# New AMD Build



## Wastedslayer (May 5, 2009)

After much contemplation and a few closed eye clicks on the egg I have finally started to piece together a new rig for myself. I havnt had an AMD rig since my Athlon XP 2400+, and I thought about going i7 but its just to damn expensive but I found this to be a nice alternative , should get half the parts this week and the other half the next.

Specs:
Coolermaster HAF932
AMD Phenom II X4 955 BE w/ Coolermaster V8
4x2GB Patriot Ultra Low Latency DDR2
Asus M4A79 AM2+/AM2 Mobo (790FX)
Seagate Barracuda 500 GB Sata 3.0Gb/s
Acer 22'' WS 1680x1050 Monitor
Samsung DVD/CD Burner
Corsair 520w Modular PSU

Now this is where it gets tricky, I want to get a GTX 275 because Im an Nvidia fan boy, but rarely do I see people with AMD Procs get an ATI video card, now I know im not going to be able to SLi with this setup but it doesn't bother me to much.
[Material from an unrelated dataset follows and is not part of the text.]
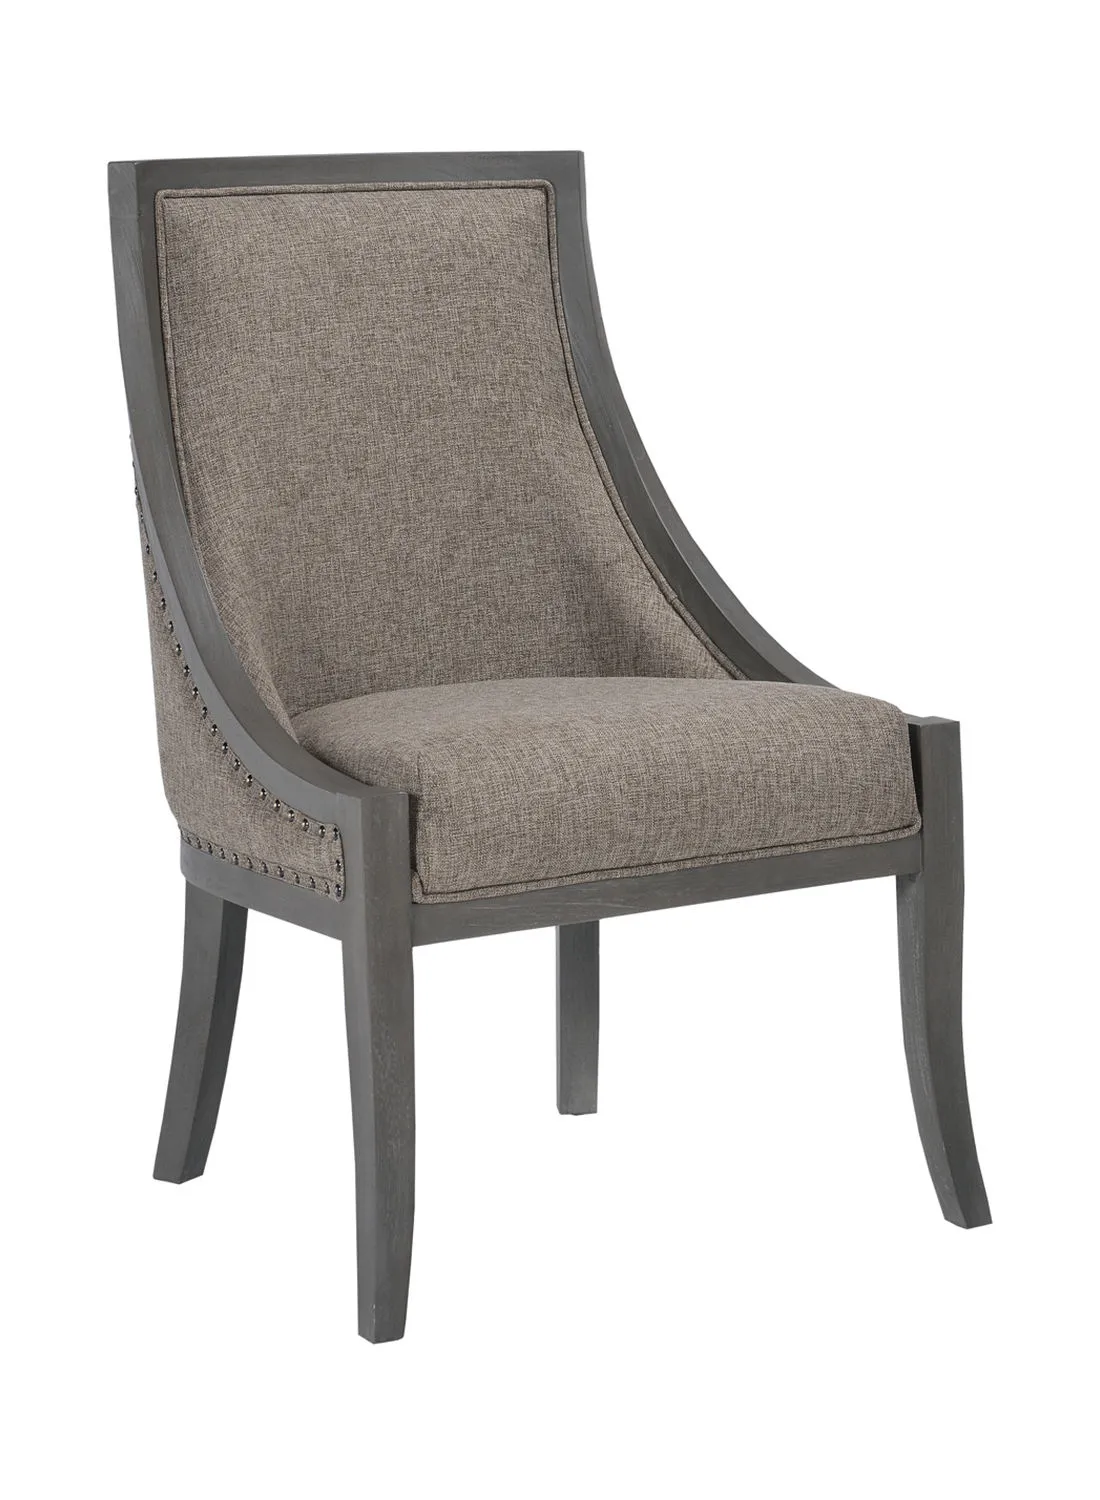 ebb & flow Armchair Luxurious - In Oak Wooden Chair Size 64 X 62 X 96.5

Is there any other benefit to buying an ATI card in this case?


----------



## ShadowFold (May 5, 2009)

Nforce chipsets are still good at ocing, but the 790FX are better. You should get a HD 4890, you wont be an nvidia fanboy for long after that 

If you're gonna stick with nvidia get either of these, the crosshair is better but the 980a is cheaper.
http://www.newegg.com/Product/Product.aspx?Item=N82E16813131292
http://www.newegg.com/Product/Product.aspx?Item=N82E16813131383&Tpk=asus 980a

I've owned a GTX 260 and a GTX 280, they aren't that great at high resolutions compared to the 4870 and 4850X2 that I've owned. I say grab the 790FX and HD 4890. Get another later down the road..


----------



## n-ster (May 5, 2009)

Monitor

For PSU, you should leave yourself with some headroom for later  The 620W version will be fine if you really want modular but 850W at this price seems better

For HDD, if you want performance over reliability, RAID 0 all the way  OR you can get 640gb RAID 0 array (2 320gb WD3200AAKS) + 1tb drive for storage (Samsung WD or Seagate) for about 200$ for performance AND Reliability 

Great case... no comment

Retail DVD burner (so you get the cables) and it's 24x


----------



## h3llb3nd4 (May 5, 2009)

What's your budget?
for the monitor: http://www.newegg.com/Product/Product.aspx?Item=N82E16824001314
I wouldn't switch to ATi yet cos of their drivers
 so I'm also a nVidian
22 post/day


----------



## unibrow1990 (May 5, 2009)

If you're only using one GPU then it doesn't matter whether it's ATI or Nvidia theres no advantage for either on a regular AMD board.


----------



## n-ster (May 5, 2009)

h3llb3nd4 said:


> What's your budget?
> for the monitor: http://www.newegg.com/Product/Product.aspx?Item=N82E16824001314
> I wouldn't switch to ATi yet cos of their drivers
> so I'm also a nVidian
> 22 post/day



My advice is better  22" 1080p 2ms response for much cheaper is better than yours 

I'm an anti- NvidiavsAMD person... Nvidia owns, ATi owns... get the best bang/buck between the 2 DUH

I'mana catch up to you when I'm on vacation don't worry


----------



## Wastedslayer (May 5, 2009)

You guys dont seem to remember where I listed that an i7 build was to expensive lol,and your all naming parts that increase the price substantially. 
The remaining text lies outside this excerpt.